University police brutalize peaceful protestors at UC Davis; do students bear some responsibility?

The video is chilling: a police officer walking along a line of students seated with arms linked, spraying them with pepper spray like one would spray a windowsill for mosquitoes. But these were people, huddling, screaming, non-threatening.

Pepper spray, also known as OC spray (from “Oleoresin Capsicum”), OC gas, and capsicum spray, is a lachrymatory agent (a chemical compound that irritates the eyes to cause tears, pain, and even temporary blindness) that is used in riot control, crowd control and personal self-defence, including defence against dogs and bears.[1] [2] Its inflammatory effects cause the eyes to close, taking away vision.
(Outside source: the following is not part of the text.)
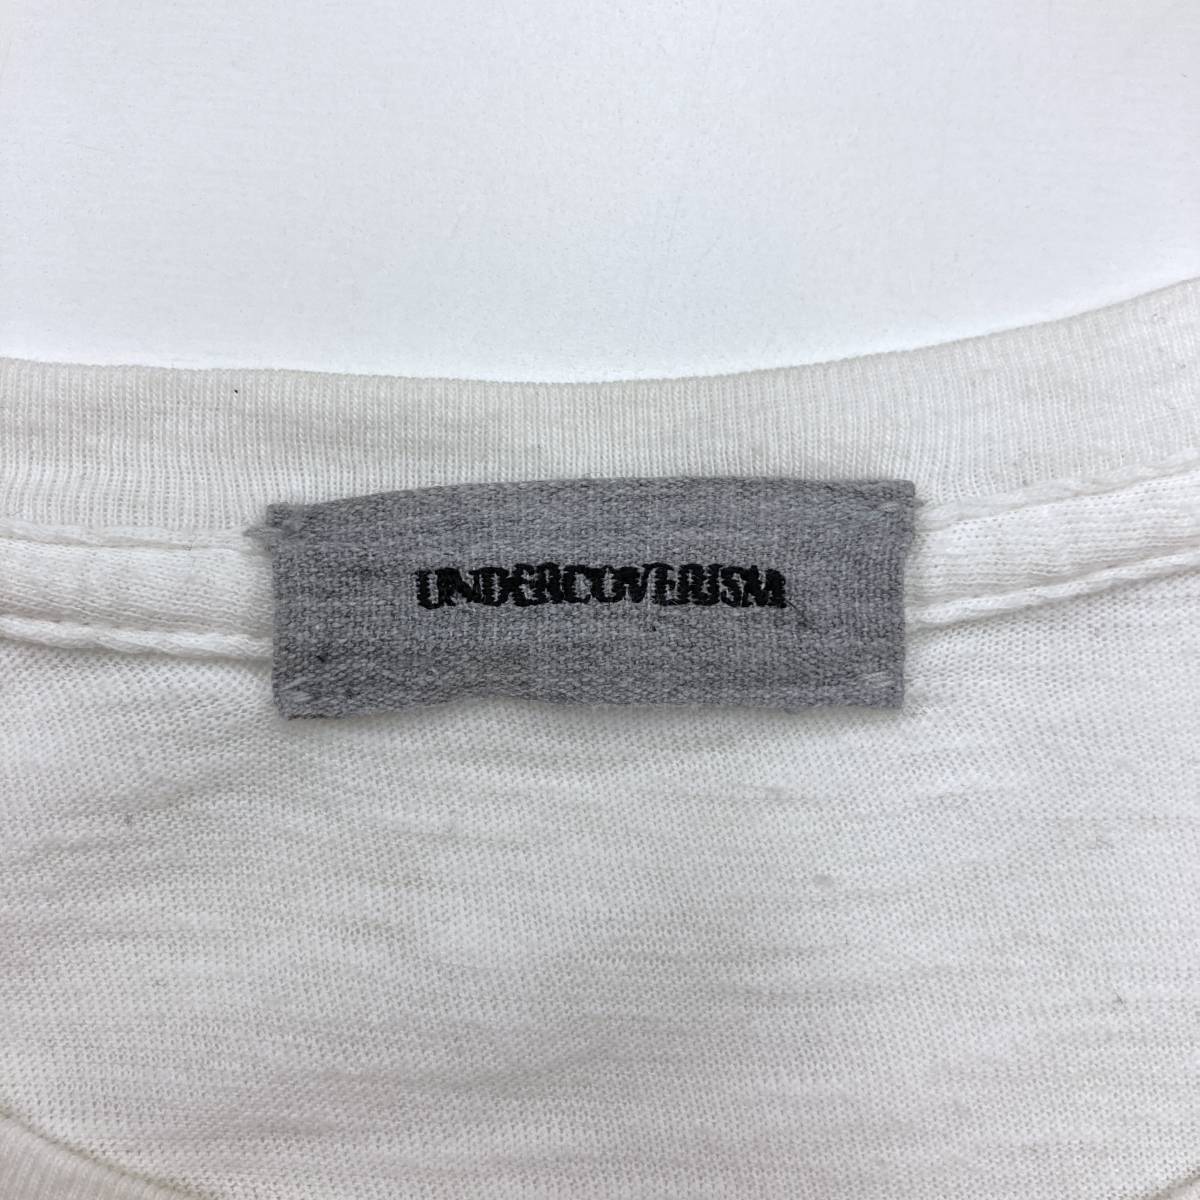 12SS UNDERCOVER OPENSTRINGS CULT FIGURE 半袖 Tシャツ ホワイト 白 2サイズ UNDER COVER アンダーカバー カットソー Tee archive 3040081_画像4

This temporary blindness allows officers to more easily restrain subjects and permits persons using pepper spray for self-defense an opportunity to escape.

Although considered a less-than-lethal agent, it may be deadly in rare cases, and concerns have been raised about a number of deaths where being pepper sprayed may have been a contributing factor.[3] [from Wikipedia]

One should be very careful to second-guess police use of force when they are threatened, or when they are dealing with violent people, but there was nowhere near an excuse for the UC Davis police to attack the protesting students.

The two cops who sprayed the students should face criminal charges, and Linda P.B. Katehi, the hapless chancellor of the Davis campus of the University of California, should be fired for ordering the police to clear the plaza where students were peacefully protesting. Her apology (“I feel horrible for what happened.”) came a day after she had defended her order as aimed at protecting the health and safety of the students. And “what happened” was what she had caused to happen.

So the chancellor exercised horrible judgment and at least two of the cops cheerfully committed mayhem against peaceful students exercising their right to assemble.

And yet…in a sense the students weren’t completely innocent. When a crowd gathers to get noticed it can start a chain of events that nobody wants. When students at Kent State (Ohio) University staged a mass protest, young and poorly trained National Guardsmen shot four of them dead. When peaceful civil rights advocates marched in Selma, Alabama, they marched into a riot by law enforcement officers.

The problem, even assuming no provocateurs hidden in the crowd, is that protestors need attention. If they don’t get enough they ratchet up the protest until the authorities finally react. And the reaction is sometimes uncontrollable. So the protestors must bear some responsibility for the outcome. And if Occupy Wall Street ends up in violence, the occupiers themselves will bear some of the blame.